### EXERCISE DETAILS
Your answer should be the full data, transcribed exactly, with no pictures in it.

### THE DATA
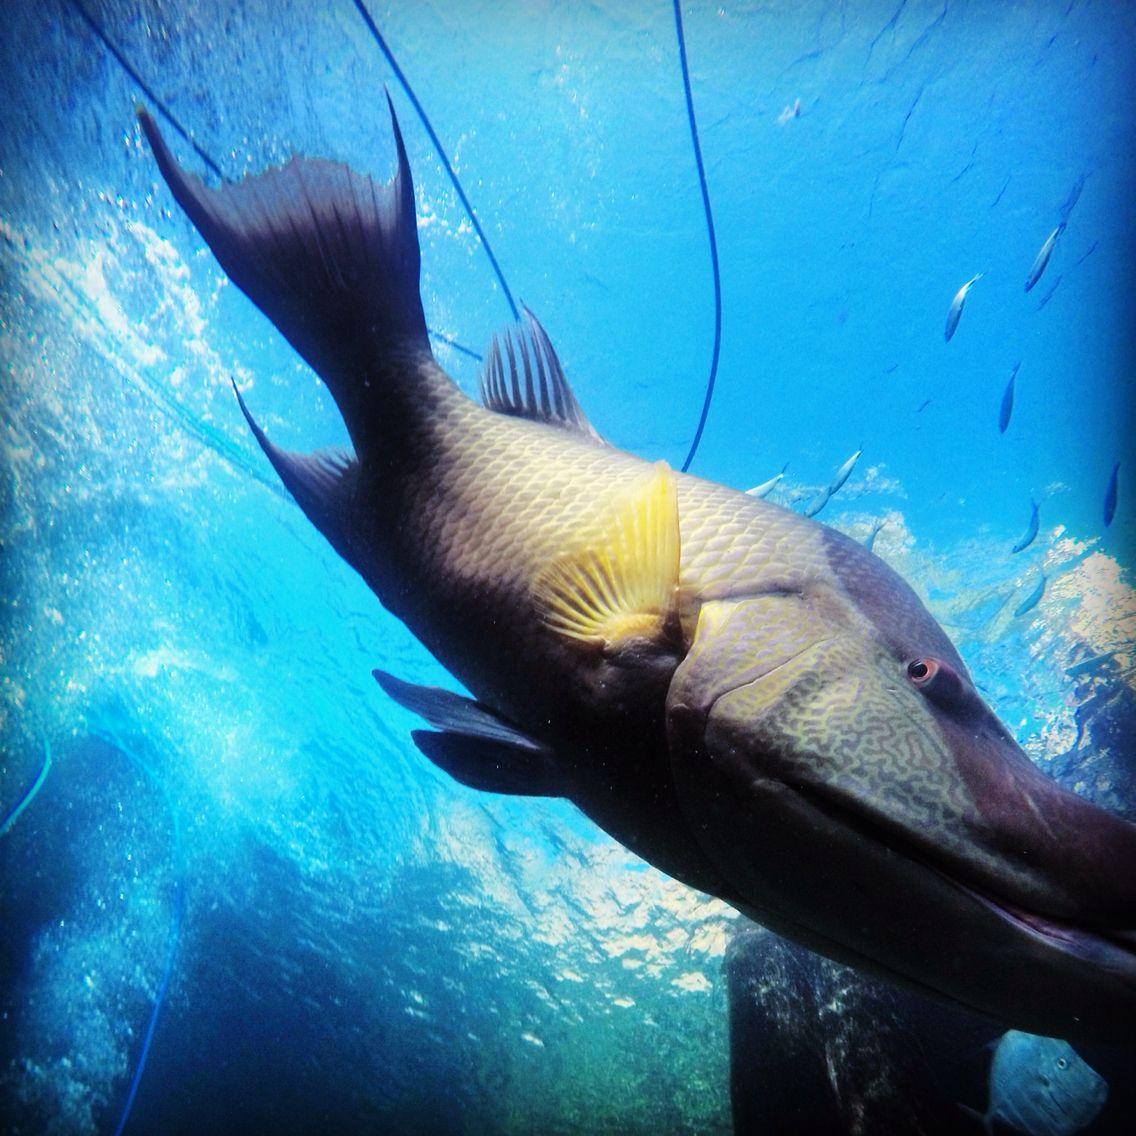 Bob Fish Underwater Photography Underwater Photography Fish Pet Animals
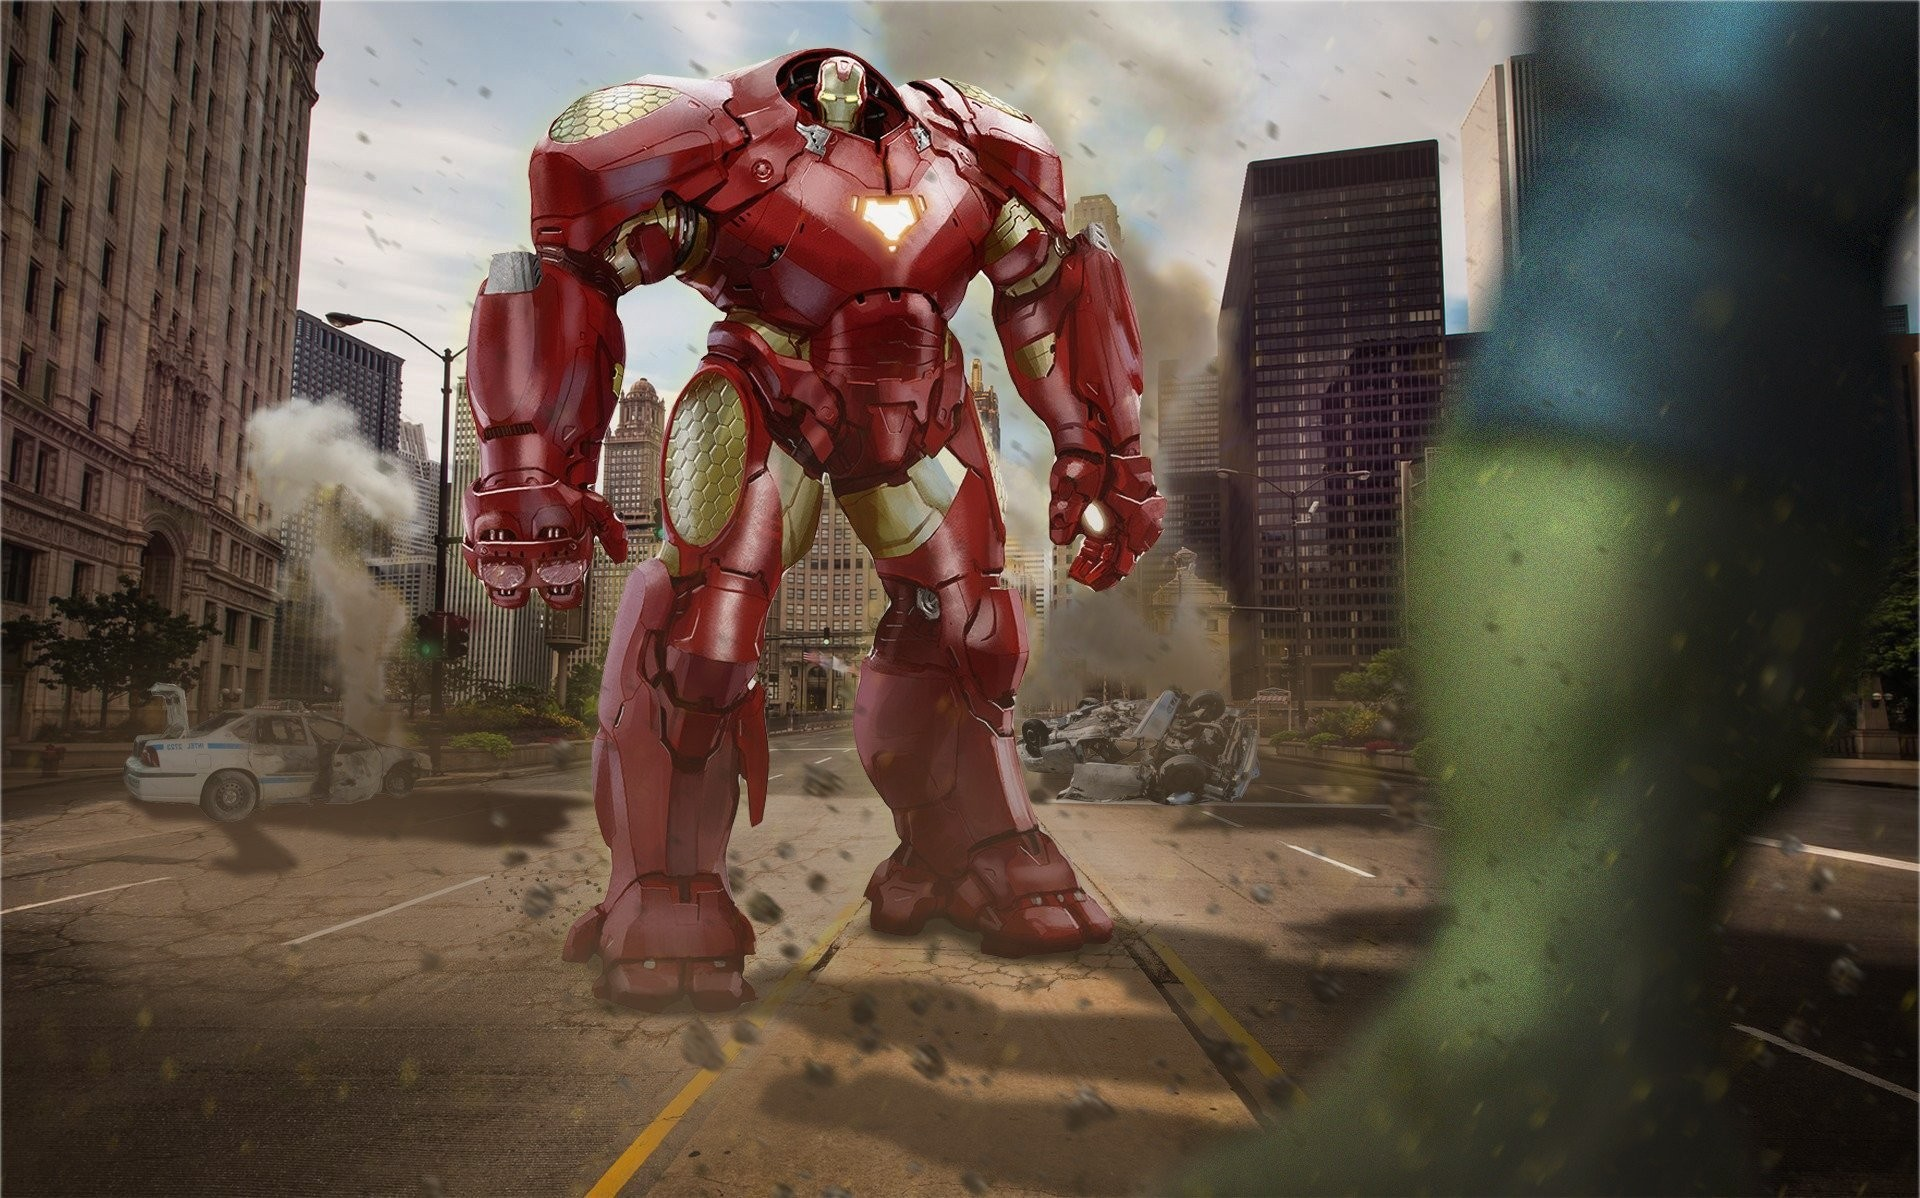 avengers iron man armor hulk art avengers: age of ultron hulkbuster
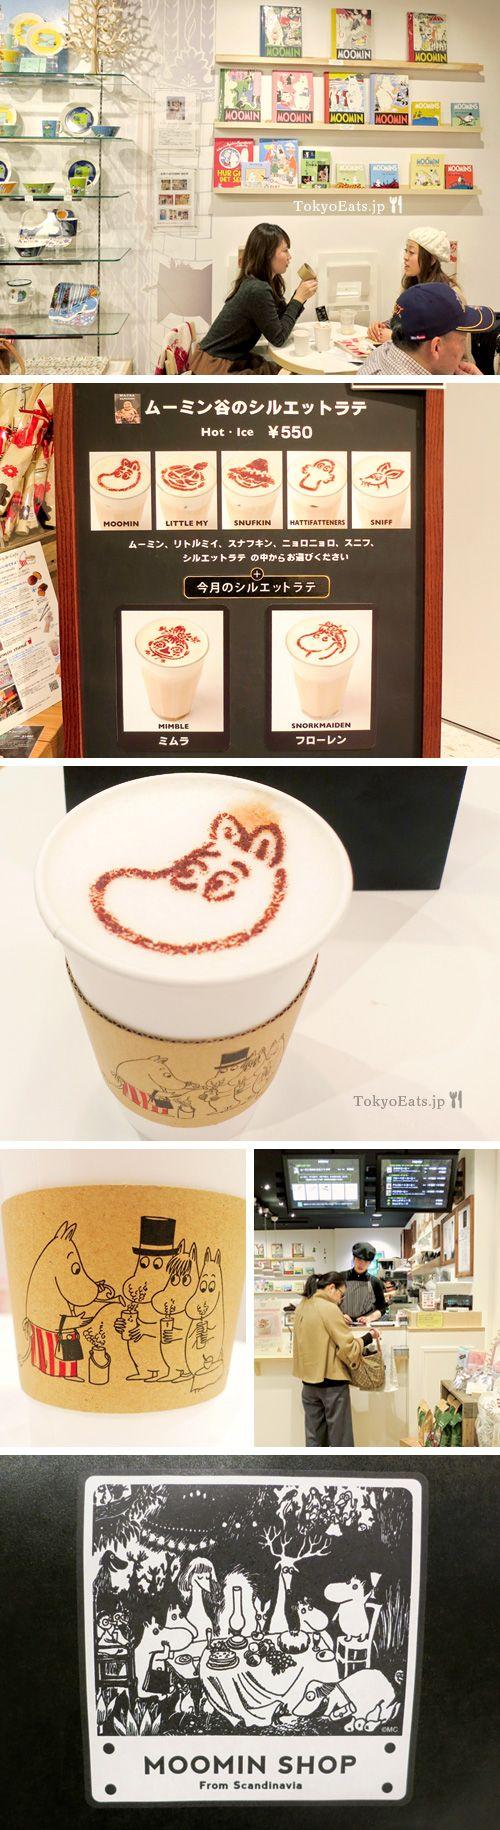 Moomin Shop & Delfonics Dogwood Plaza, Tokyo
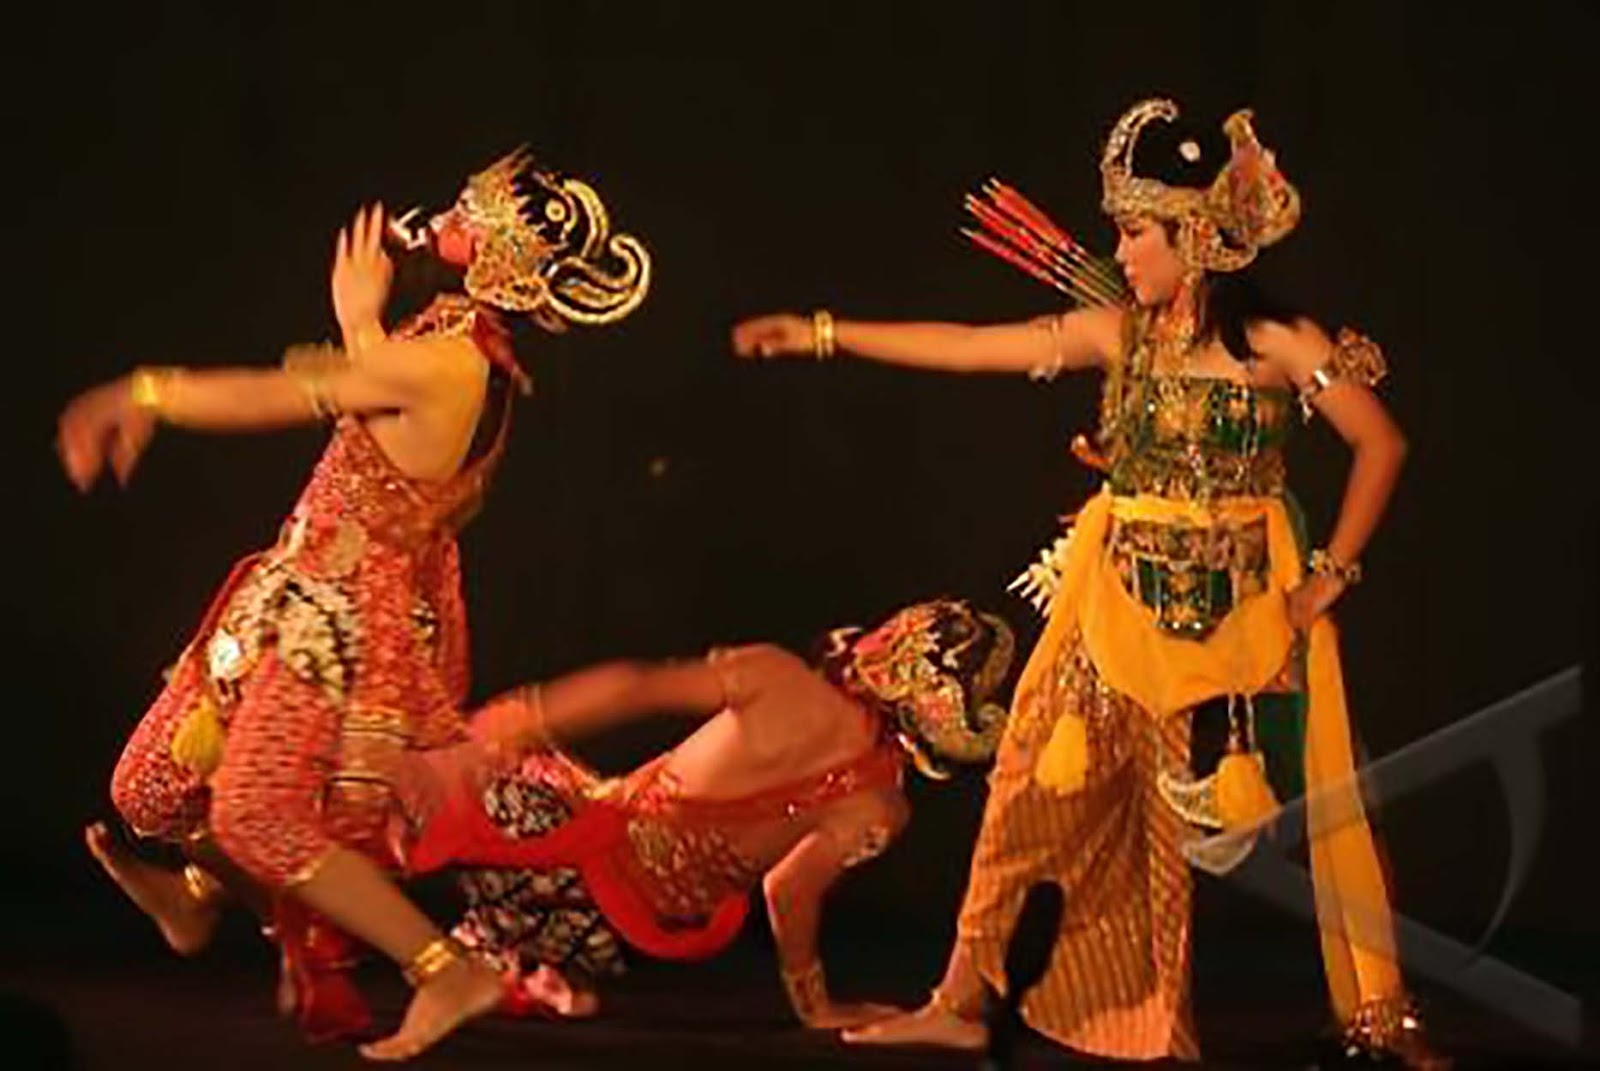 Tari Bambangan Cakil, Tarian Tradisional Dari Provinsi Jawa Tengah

### THE COMPLETED TASK
 Bob Fish Underwater Photography Underwater Photography Fish Pet Animals
 avengers iron man armor hulk art avengers: age of ultron hulkbuster
 Moomin Shop & Delfonics Dogwood Plaza, Tokyo
 Tari Bambangan Cakil, Tarian Tradisional Dari Provinsi Jawa Tengah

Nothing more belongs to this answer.